## Task objective:
Please repeat the whole listing exactly, but leave out any picture it holds.

*** Records Section Begins ***

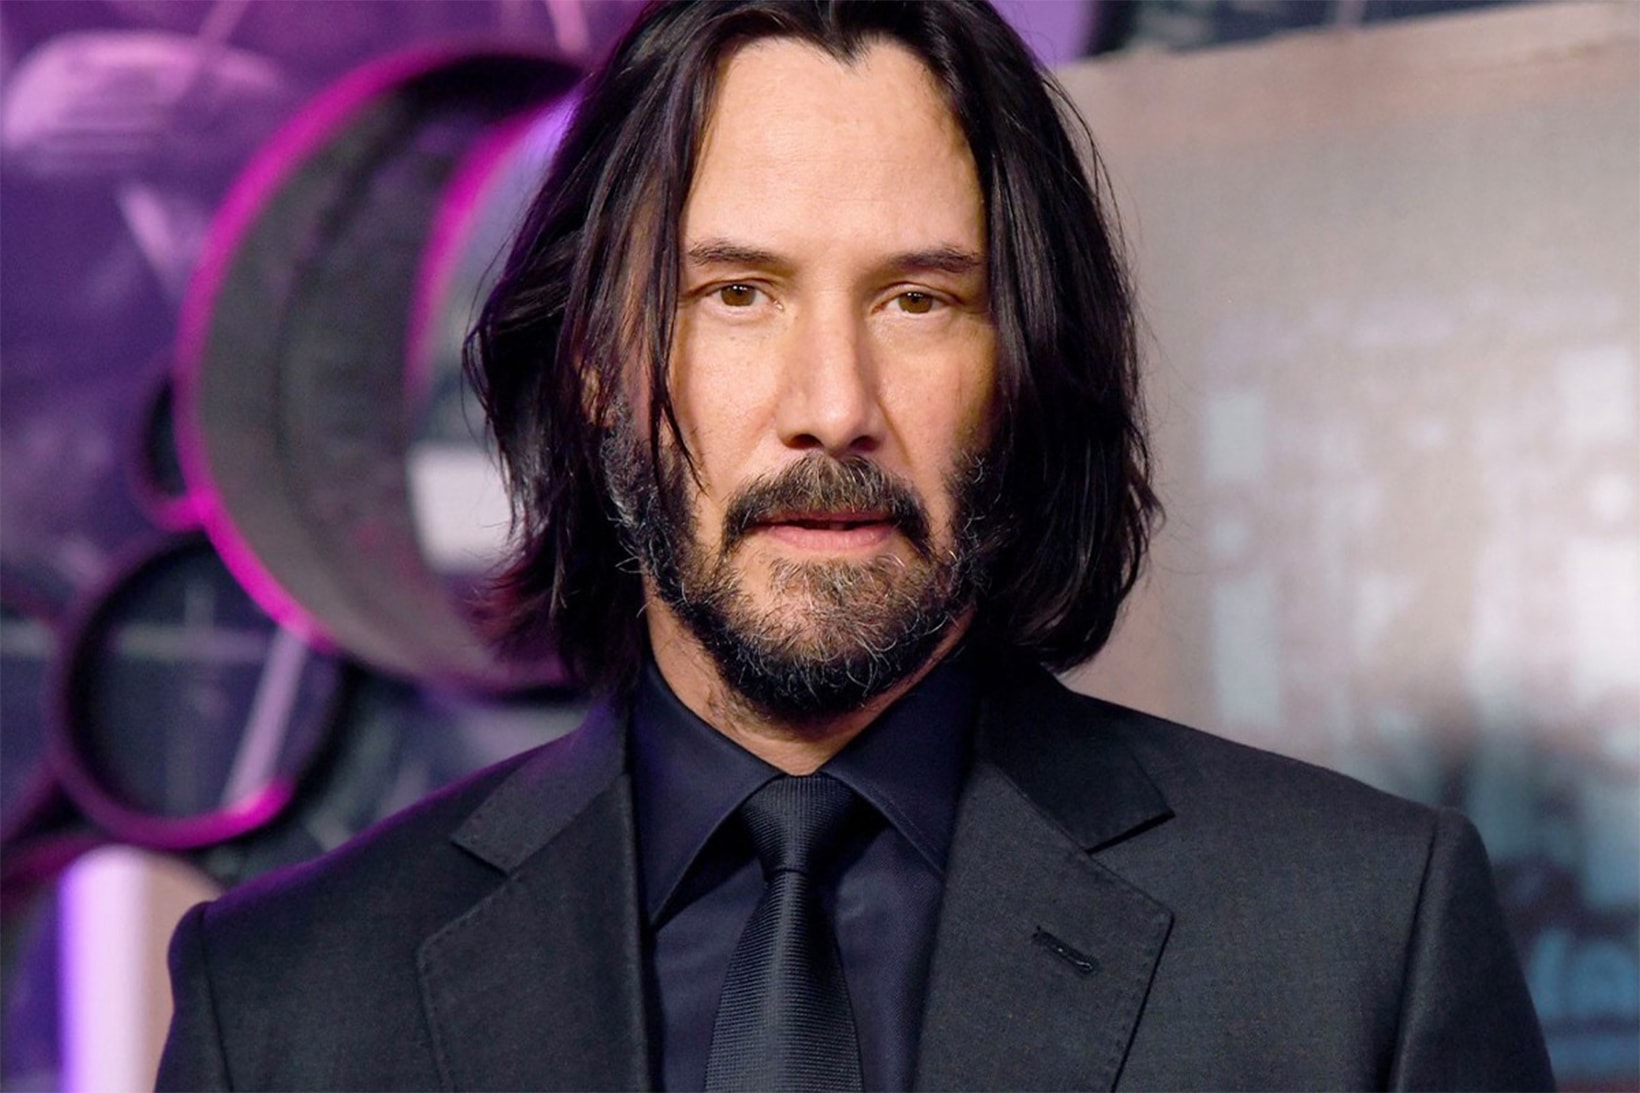 Keanu Reeves Earnings Cancer Research The Matrix Hollywood 
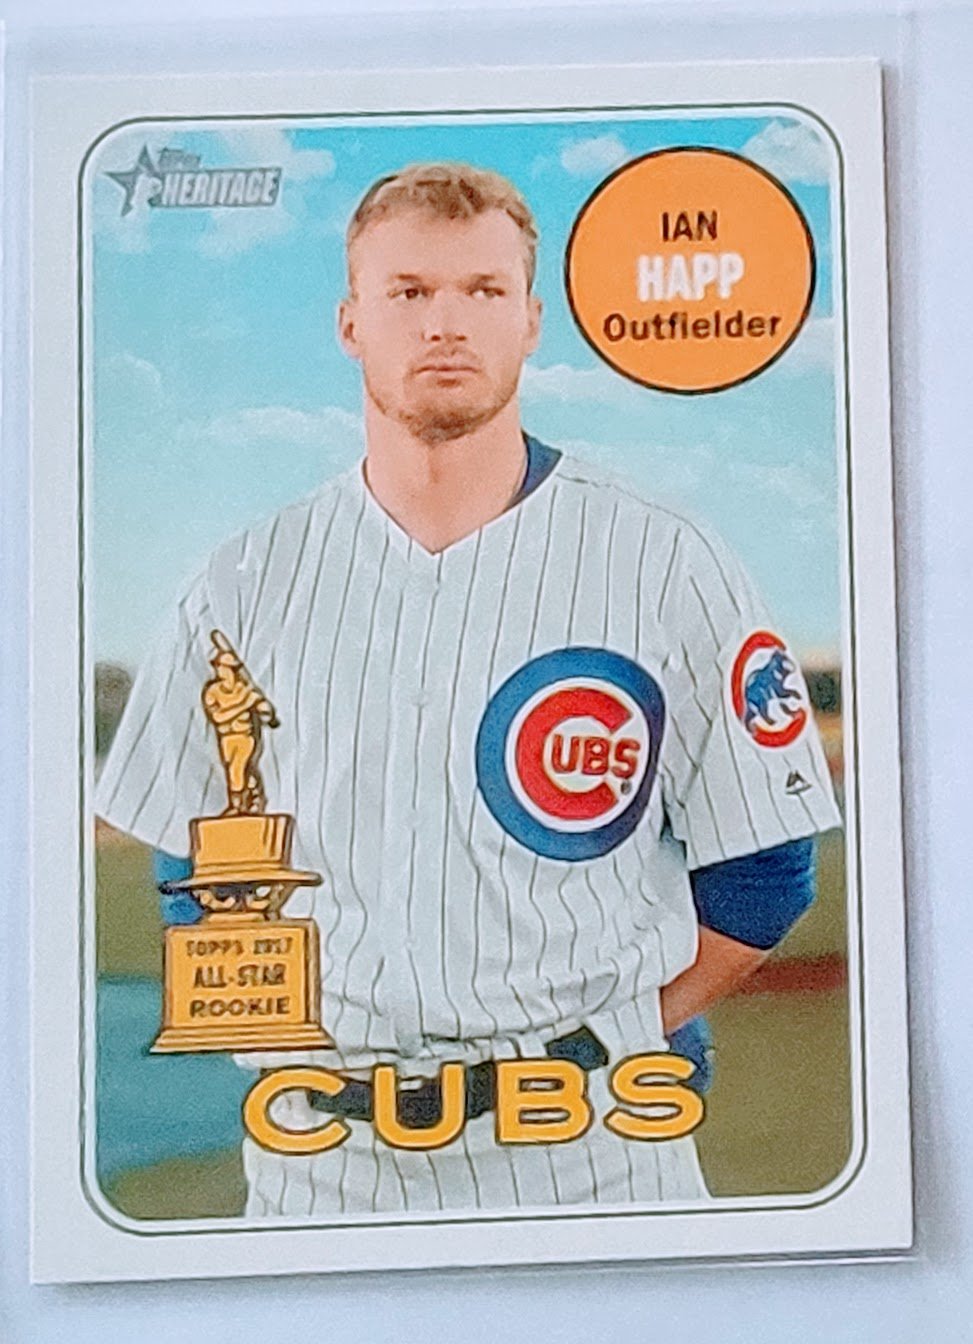 2018 Topps Heritage Ian Happ All Star Rookie Baseball Card TPTV simple Xclusive Collectibles   
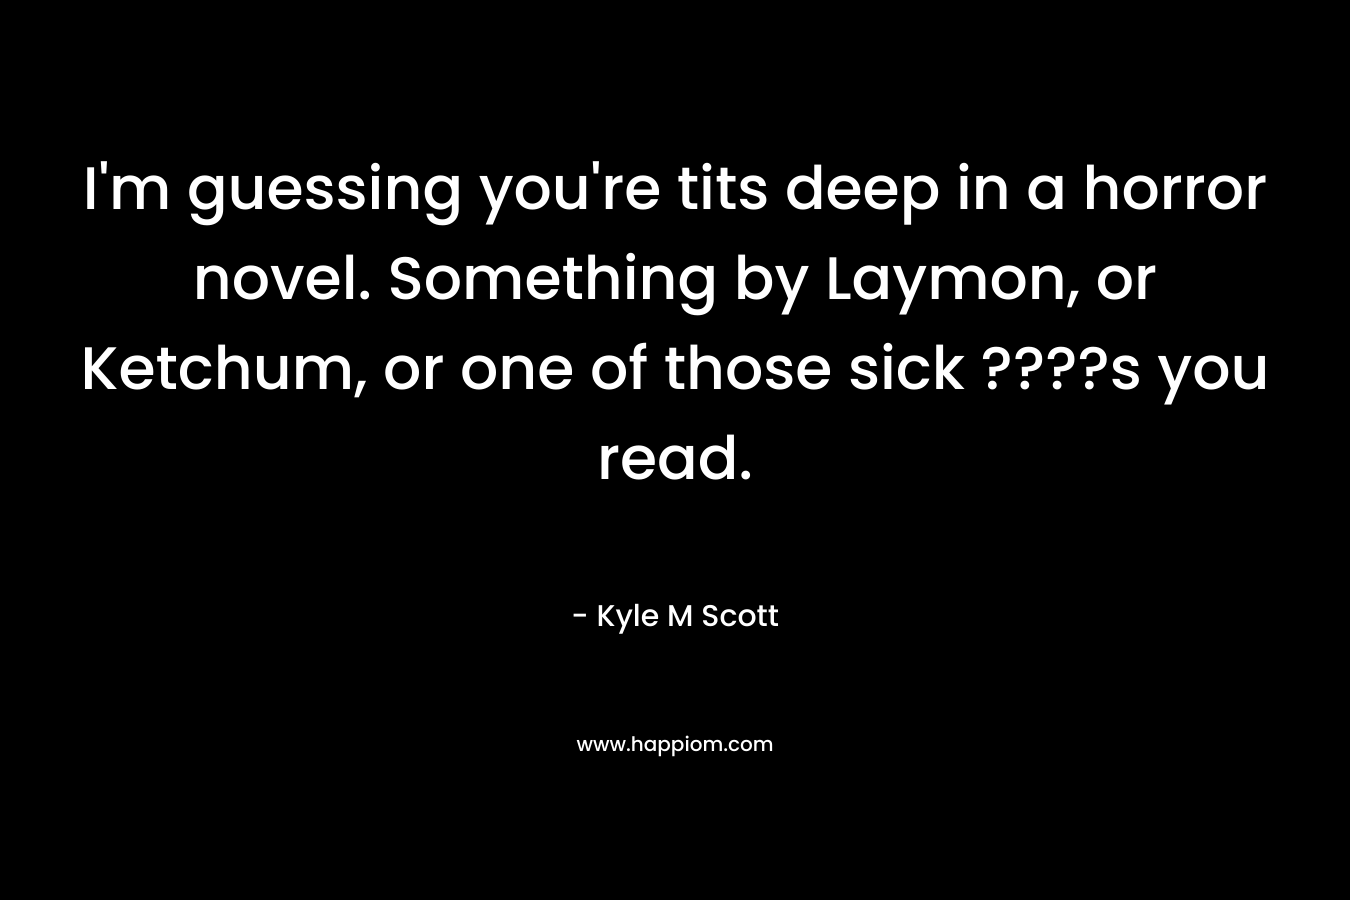 I’m guessing you’re tits deep in a horror novel. Something by Laymon, or Ketchum, or one of those sick ????s you read. – Kyle M Scott
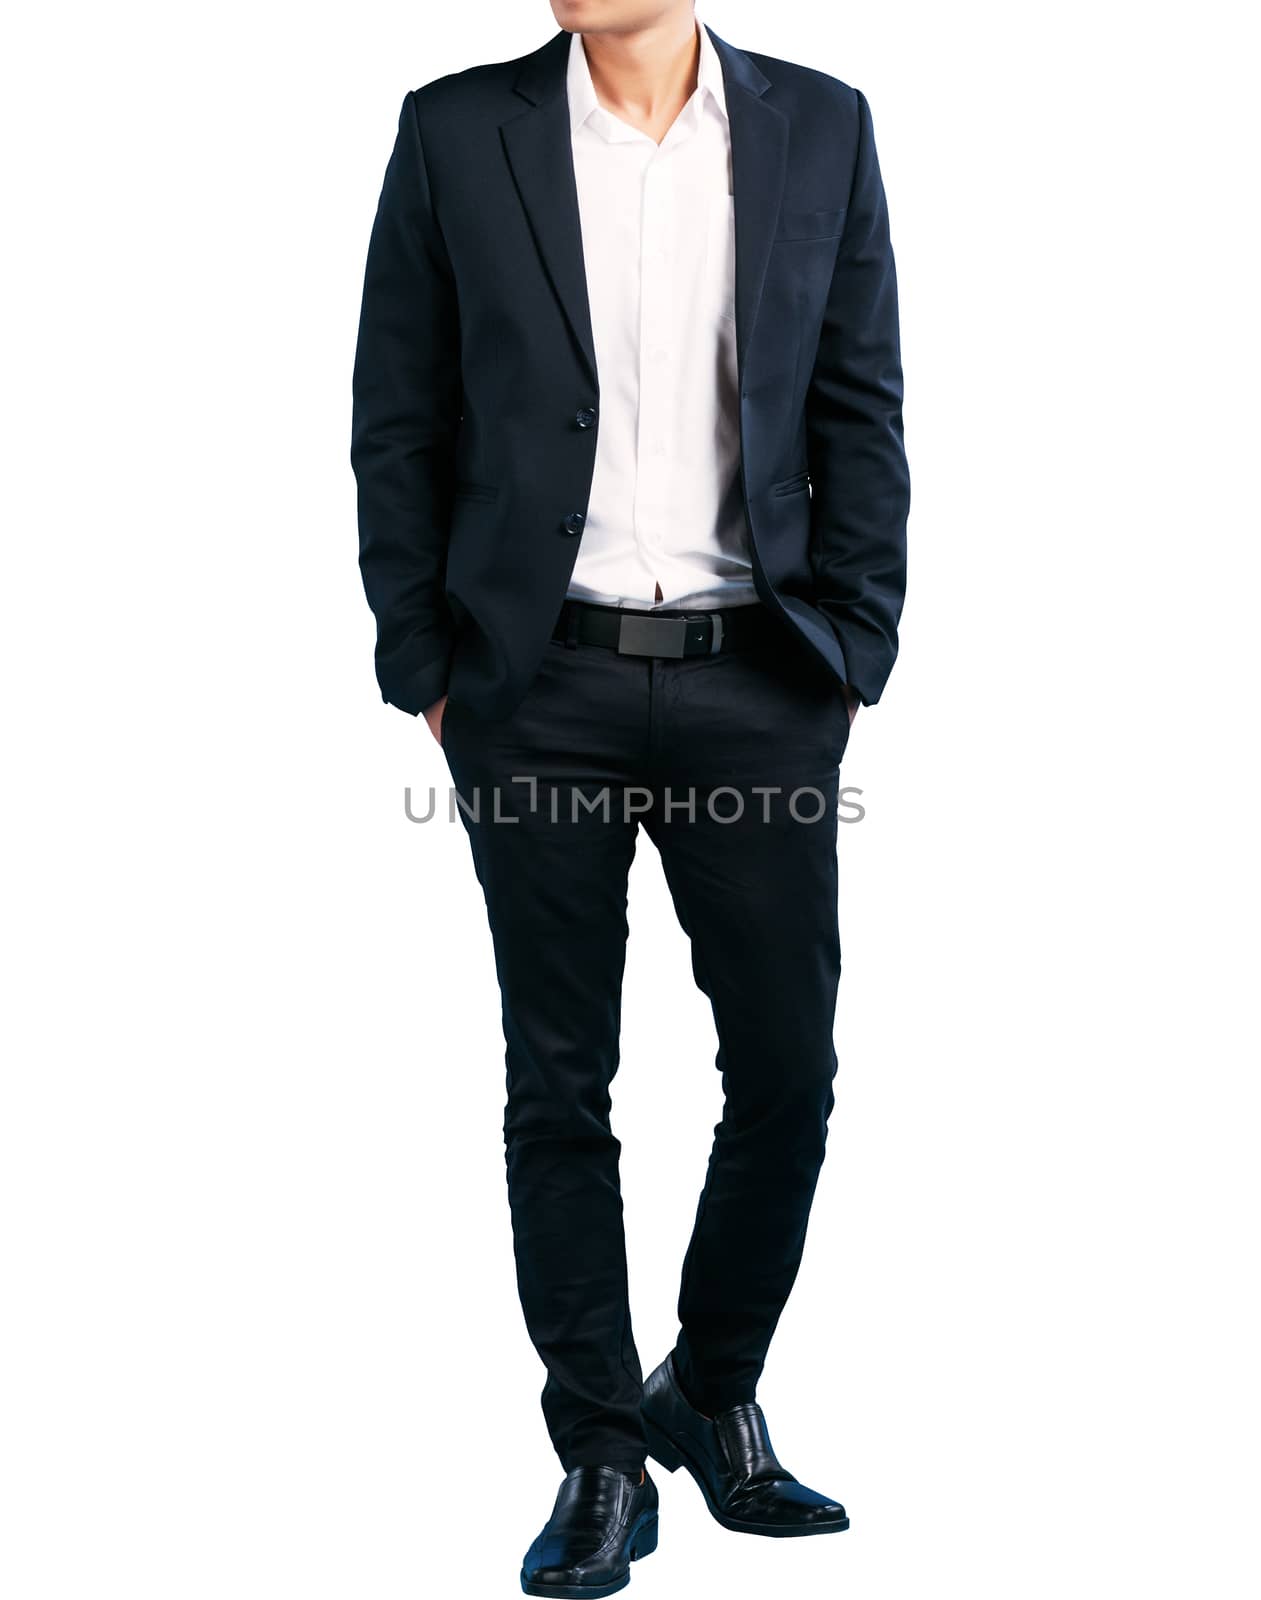 A lot of businessmen in suits Smart handsome isolate on white background clipping path
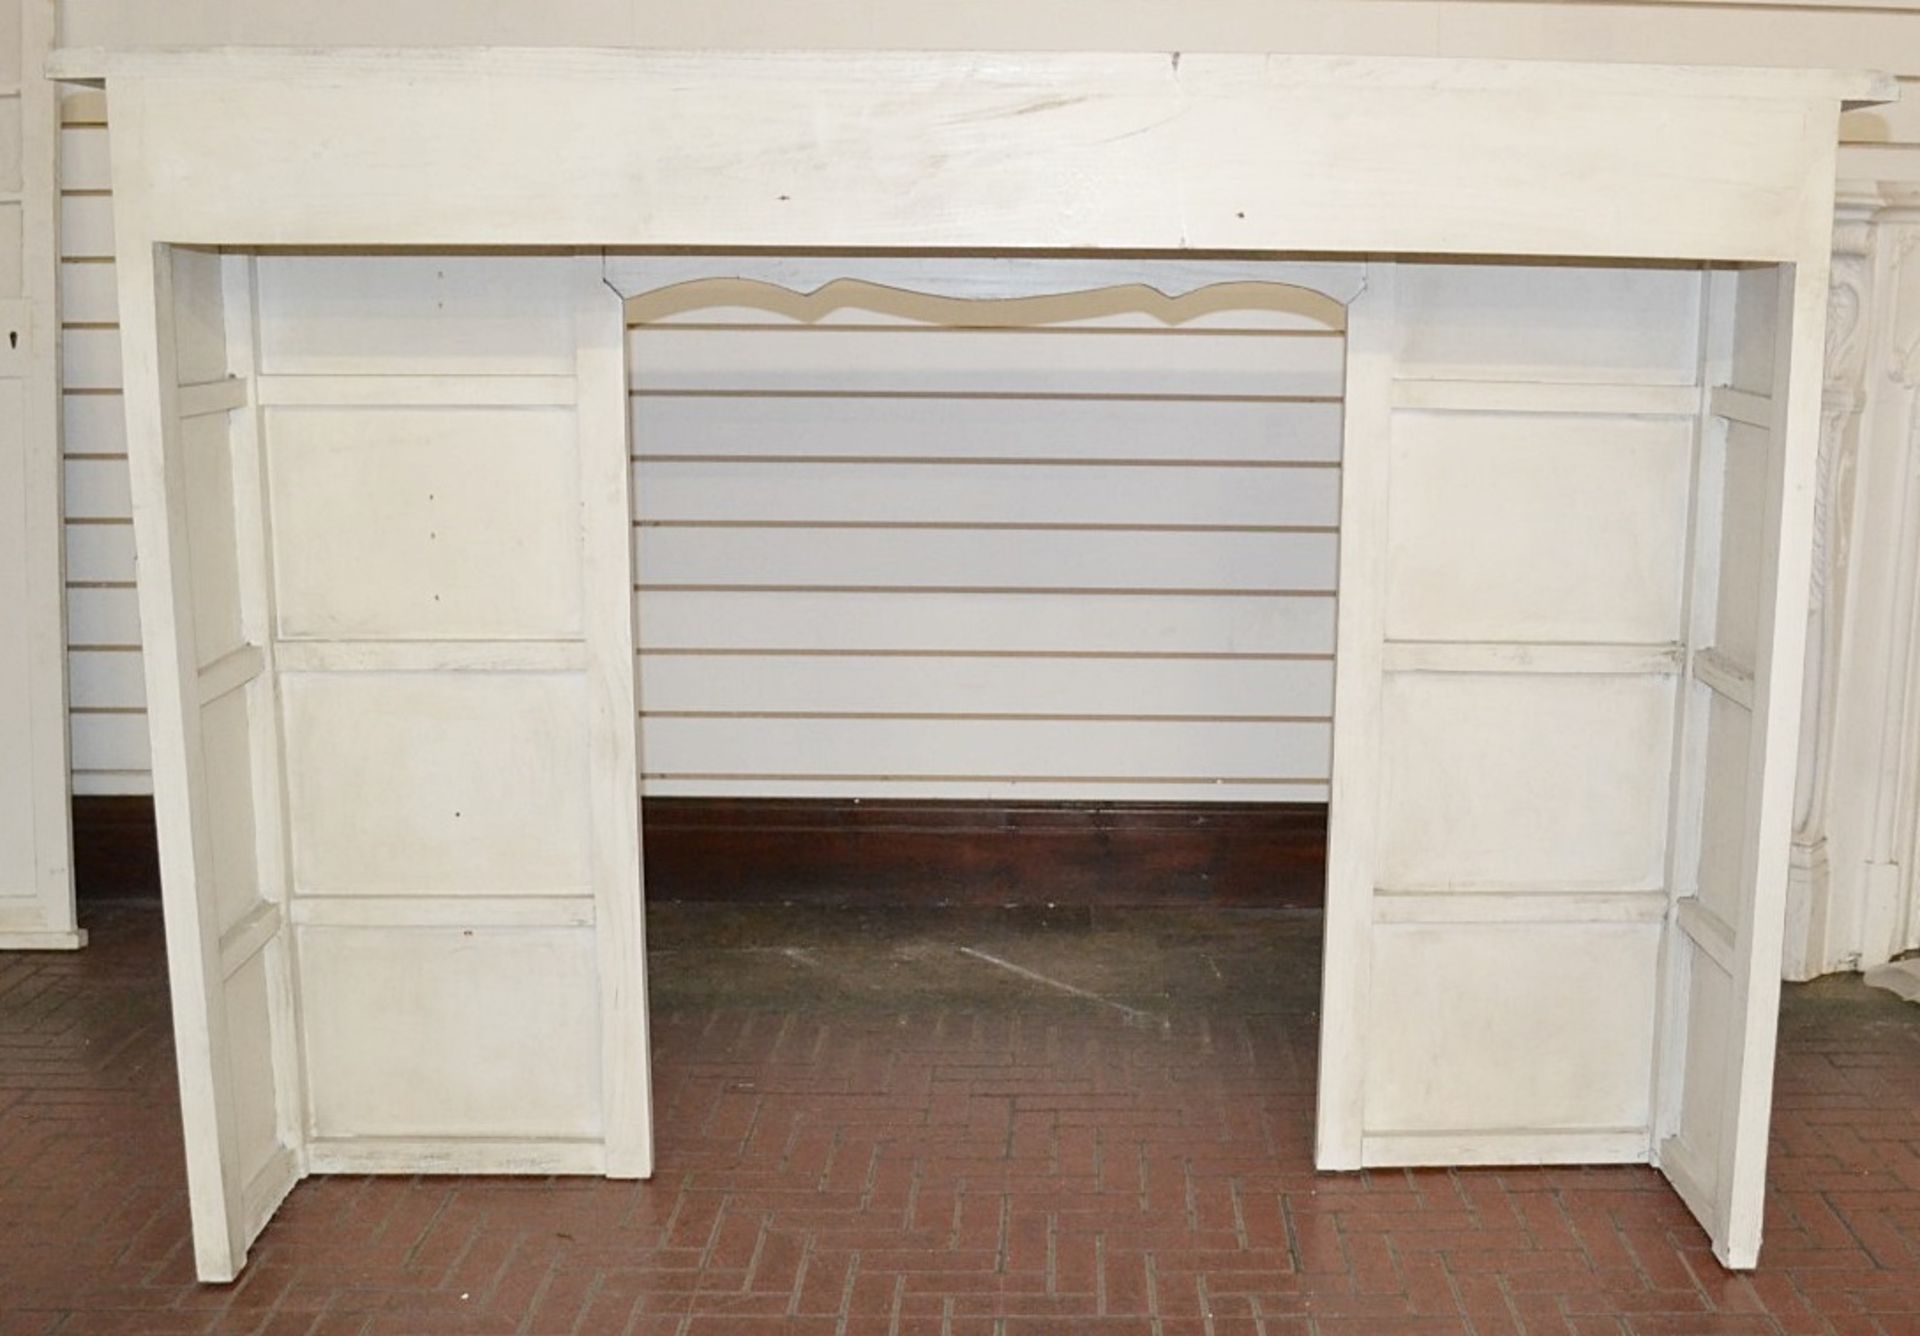 1 x Wooden Fireplace In Cream With An Aged Finish - Dimensions: W170 x D36 x H126cm - Ref BB900 / KS - Image 2 of 4

*** Records Section Ends ***

## Solution below:
 Keanu Reeves Earnings Cancer Research The Matrix Hollywood 
 2018 Topps Heritage Ian Happ All Star Rookie Baseball Card TPTV simple Xclusive Collectibles   
 I’m guessing you’re tits deep in a horror novel. Something by Laymon, or Ketchum, or one of those sick ????s you read. – Kyle M Scott
 A lot of businessmen in suits Smart handsome isolate on white background clipping path
 1 x Wooden Fireplace In Cream With An Aged Finish - Dimensions: W170 x D36 x H126cm - Ref BB900 / KS - Image 2 of 4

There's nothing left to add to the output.